This section is from the book "Modern Shop Practice", by Howard Monroe Raymond. Also available from Amazon: Modern Shop Practice.

A circle is a plane figure bounded by a curved line called the circumference, every point of which is equally distant from a point within called the center, Fig. 58.

A diameter of a circle is a straight line drawn through the center, terminating at both ends in the circumference, Fig. 59.

A radius of a circle is a straight line joining the center with the circumference. All radii of the same circle are equal and their length is always one-half that of the diameter.

Fig. 58. Circle.

Fig. 59. Diameter and Tangent.

Fig. 60. Quadrant.

An arc is any part of the circumference of a circle.

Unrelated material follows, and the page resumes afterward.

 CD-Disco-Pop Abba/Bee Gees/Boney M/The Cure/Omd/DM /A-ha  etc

An arc equal to one-half the circumference is called a semi-circumference, and an arc equal to one-quarter of the circumference is called a quadrant, Fig. 60. A quadrant may mean the arc or angle.

A chord, Fig. 61, is a straight line which joins the extremities of an arc but does not pass through the center of the circle.

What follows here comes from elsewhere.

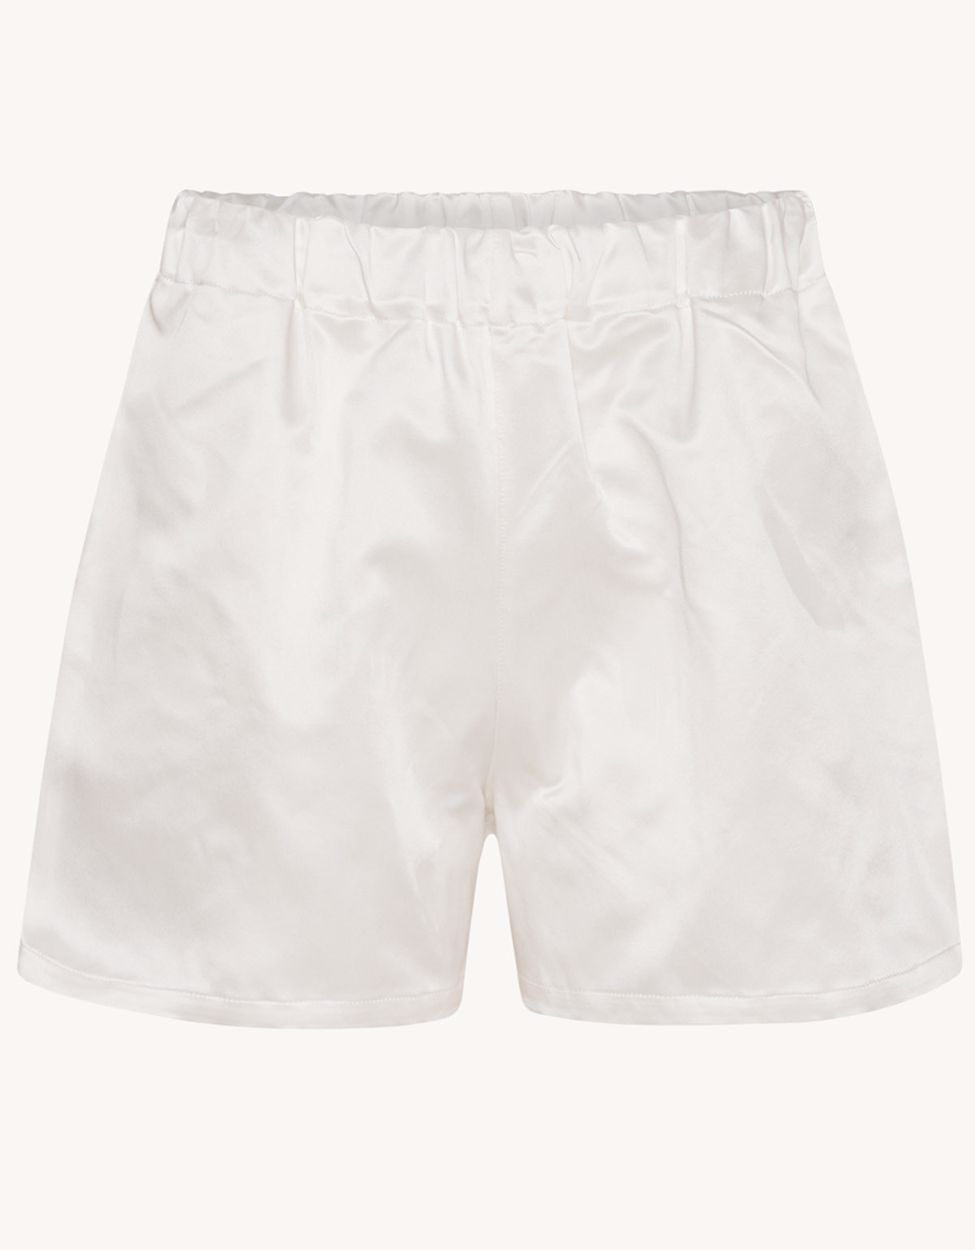 I Blame Lulu Twiggy Shorts - White Satin

A secant is a straight line which intersects the circumference in two points, Fig. 61.

A segment of a circle, Fig. 62, is the area included between an arc and a chord.

A sector is the area included between an arc and two radii drawn to the extremities of the arc, Fig. 62.

A tangent is a straight line which touches the circumference at only one point, called the point of tangency or contact, Fig. 59.

Fig. 61. Chord and Secant.

Fig. 62. Segment and Sector.

Fig. 63. Concentric Circles.

Concentric circles are circles having the same center, Fig. 63.

An inscribed angle is an angle whose vertex lies in the circumference and whose sides are chords. It is measured by one-half the intercepted arc, Fig. 64.

A central angle is an angle whose vertex is at the center of the circle and whose sides are radii, Fig. 65.

Fig. 64. Inscribed Anglo.

Fig. 65. Central Angle.

Fig. 66. Inscribed Polygon.

An inscribed polygon is one whose vertices lie in the circumference and whose sides are chords, Fig. 66.